Healthy Butternut Squash Tart Recipe

Hey there, friends!

Are you in the mood for something cozy and delicious? I’ve got just the thing for you!

Today, I’m sharing a recipe for a mouth-watering butternut squash tart.

It’s packed with flavor and perfect for any occasion, whether it’s a dinner party or a cozy night in.

Let’s dive in and get cooking! You’re going to love this one!

butternut squash tart
Image: mollyshomeguide.com / Photographer Molly

Suggestions for Ingredient Substitution

Plain flour can be replaced with almond flour or a gluten-free all-purpose flour blend for those with gluten sensitivities. When using almond flour, reduce the butter slightly as it contains more fat. For gluten-free blends, follow the package instructions for substitution ratios.

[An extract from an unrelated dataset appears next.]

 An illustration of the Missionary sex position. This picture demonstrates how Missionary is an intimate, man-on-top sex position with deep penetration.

Butternut squash can be substituted with sweet potato or pumpkin, maintaining a similar texture and flavor profile. These alternatives offer comparable nutritional benefits and can be prepared using the same cooking method as the original recipe.

Cream cheese can be swapped with Greek yogurt or cashew cream for a lighter or dairy-free option. Greek yogurt provides a tangy flavor and increased protein, while cashew cream offers a rich, creamy texture suitable for vegans. Adjust the sweetness as needed when using these substitutes.

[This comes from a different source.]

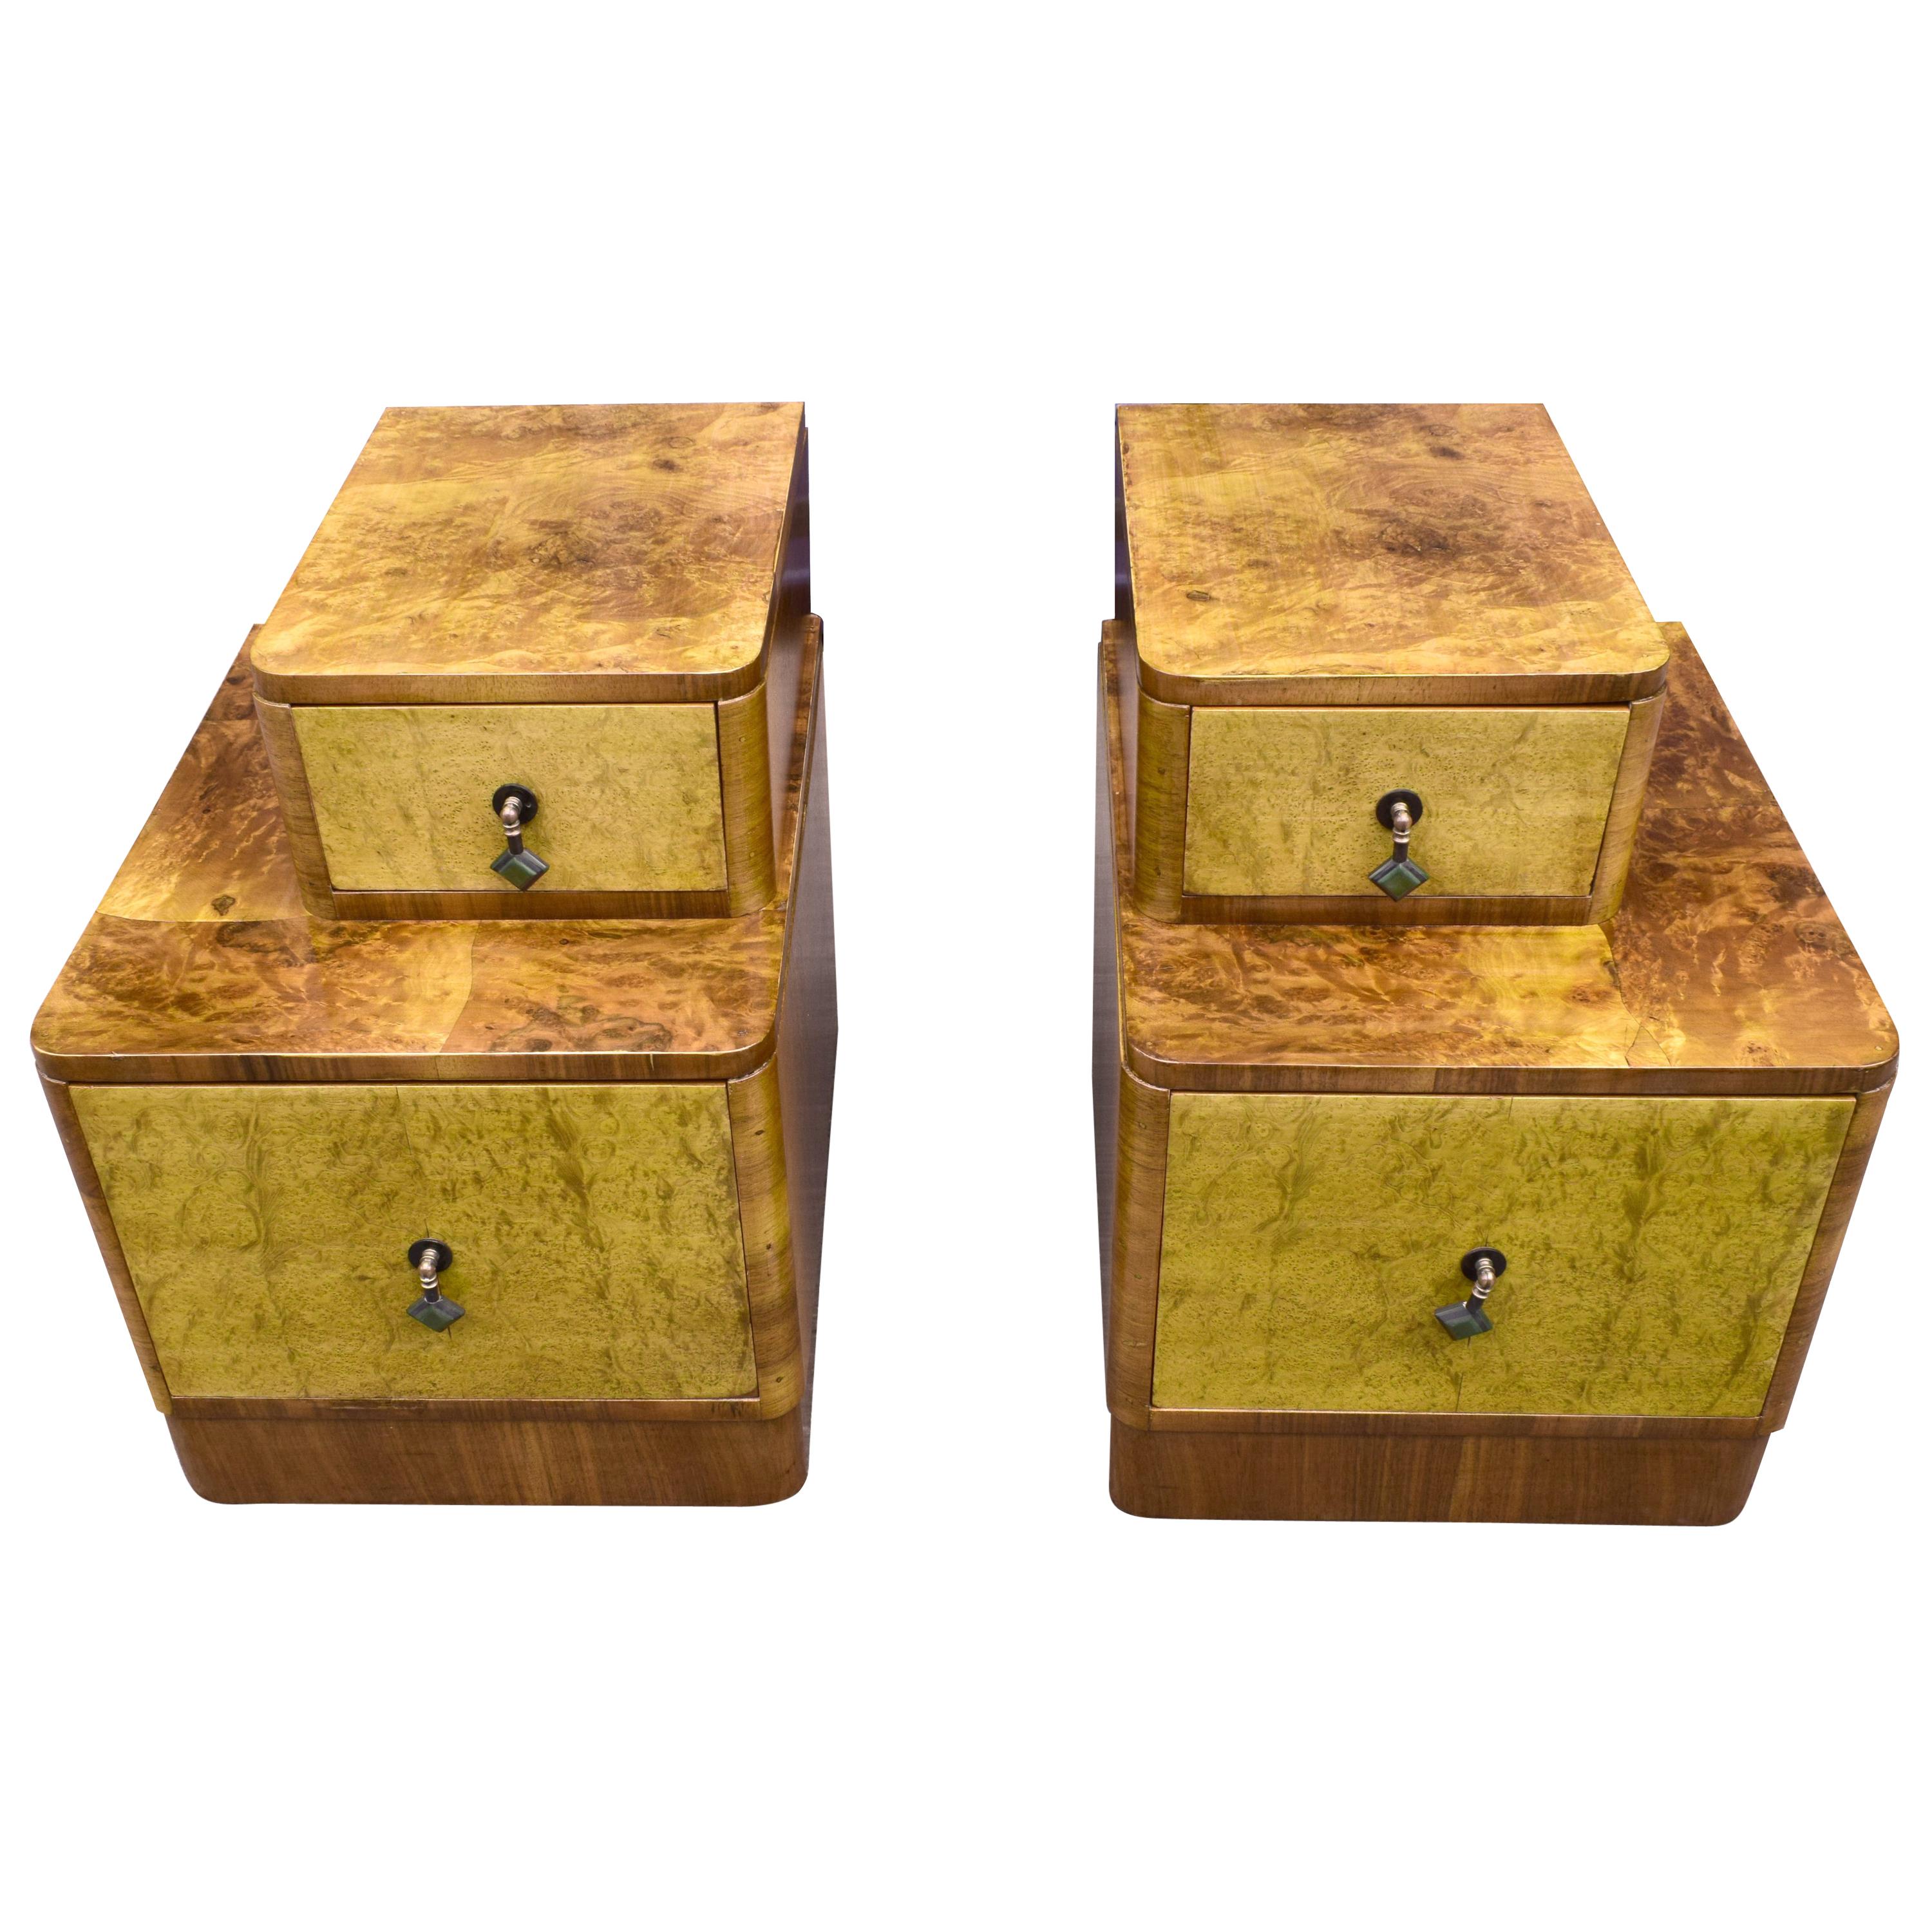 Matching Pair of Art Deco Stepped Bedside Nightstands, circa 1930s, England

Preparation Time 20-30 minutes
Cooking Time 60-75 minutes
Total Time 80-105 minutes
Level of Difficulty Medium

Estimated Nutrition

Estimated nutrition for the whole recipe (without optional ingredients):

  • Calories: 800-900
  • Protein: 10-15 g
  • Fat: 40-50 g
  • Carbohydrates: 100-110 g

Ingredients

  • 3/4 cup plain flour
  • 1 teaspoon granulated sugar
  • 1/8 teaspoon sea salt
  • 2 ounces butter, diced
  • 2 ounces chilled water
  • 1 1/4 cups butternut squash, cubed
  • 1 tablespoon olive oil
  • 4 ounces softened cream cheese
  • 1/4 teaspoon ground cinnamon
  • 1/8 teaspoon ground nutmeg
  • 1 teaspoon granulated sugar
  • 1/8 teaspoon salt
  • 1/4 cup pomegranate syrup
  • 1/4 cup pomegranate arils

Step 1: Preheat and Roast the Squash

Begin by preheating your oven to 400°F.

In a large mixing bowl, add the squash and a bit of oil.

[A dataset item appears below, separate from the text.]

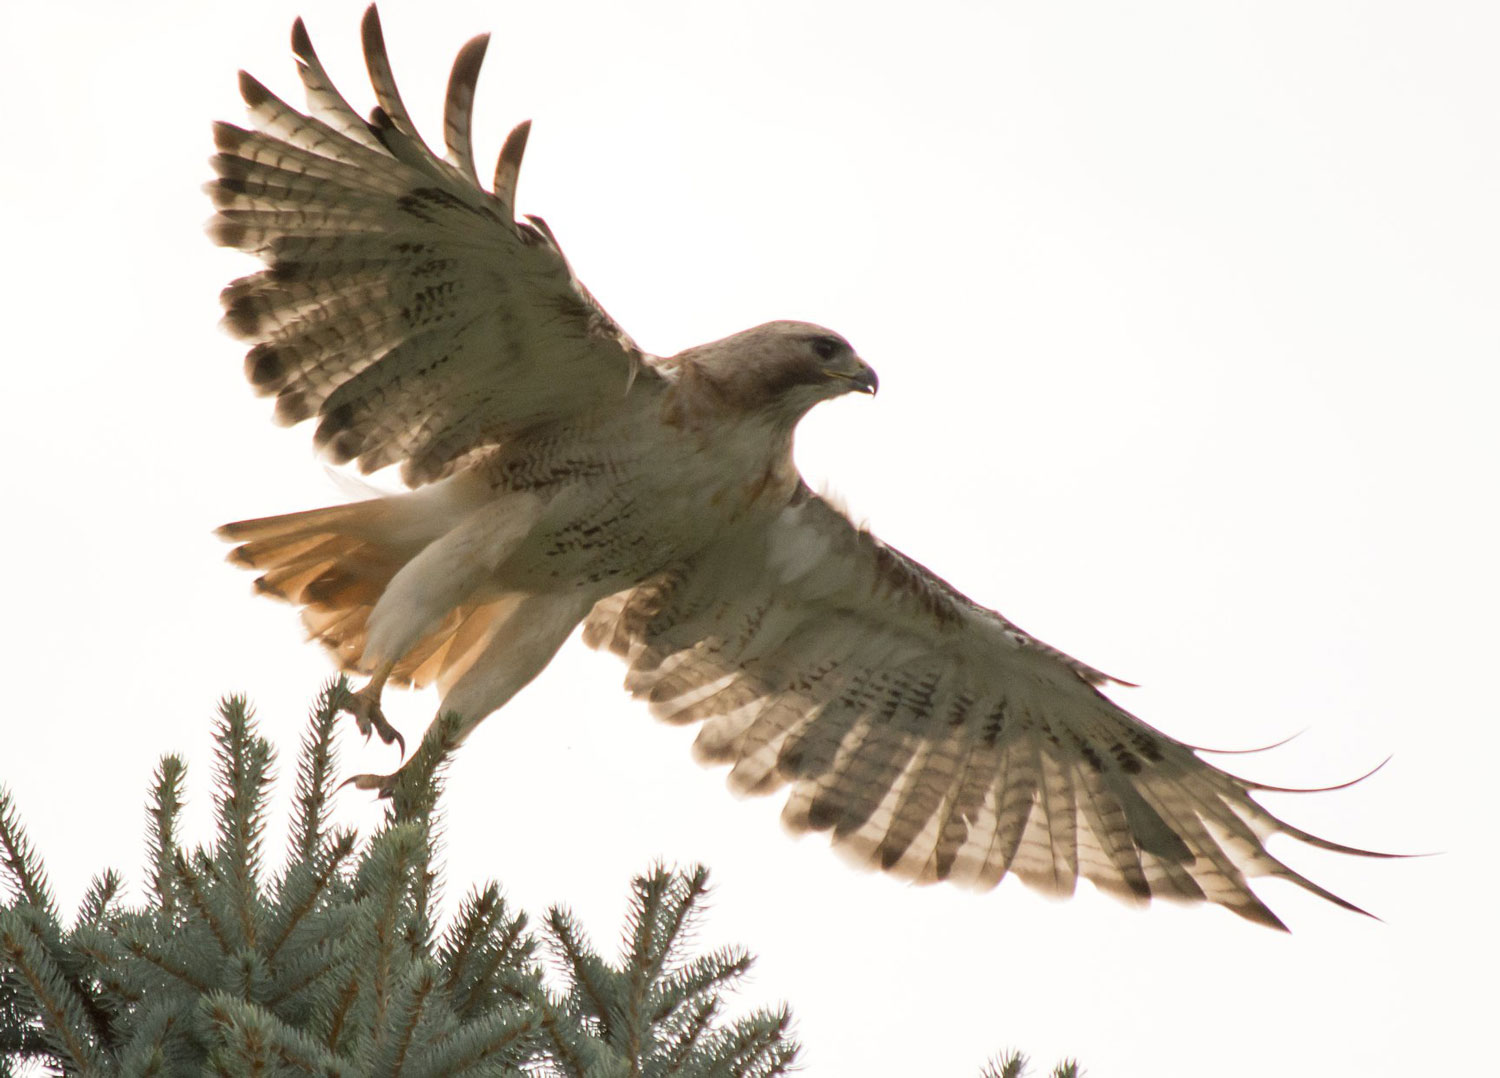 A red-tailed hawk taking off from a shrub

Toss to coat the squash evenly.

Spread the coated squash onto a baking sheet with sides and roast for 30 minutes until tender.

Step 2: Prepare and Roll the Tart Crust

While the squash is roasting, make the tart crust.

In the bowl of a food processor fitted with a standard blade, combine the flour, salt, and sugar by pulsing a few times.

Add the butter and pulse until the mixture resembles a small, pea-like meal.

With the processor running, slowly add water just until a dough ball forms.

Turn the dough out onto a lightly floured surface and roll to approximately 1/4″ thick.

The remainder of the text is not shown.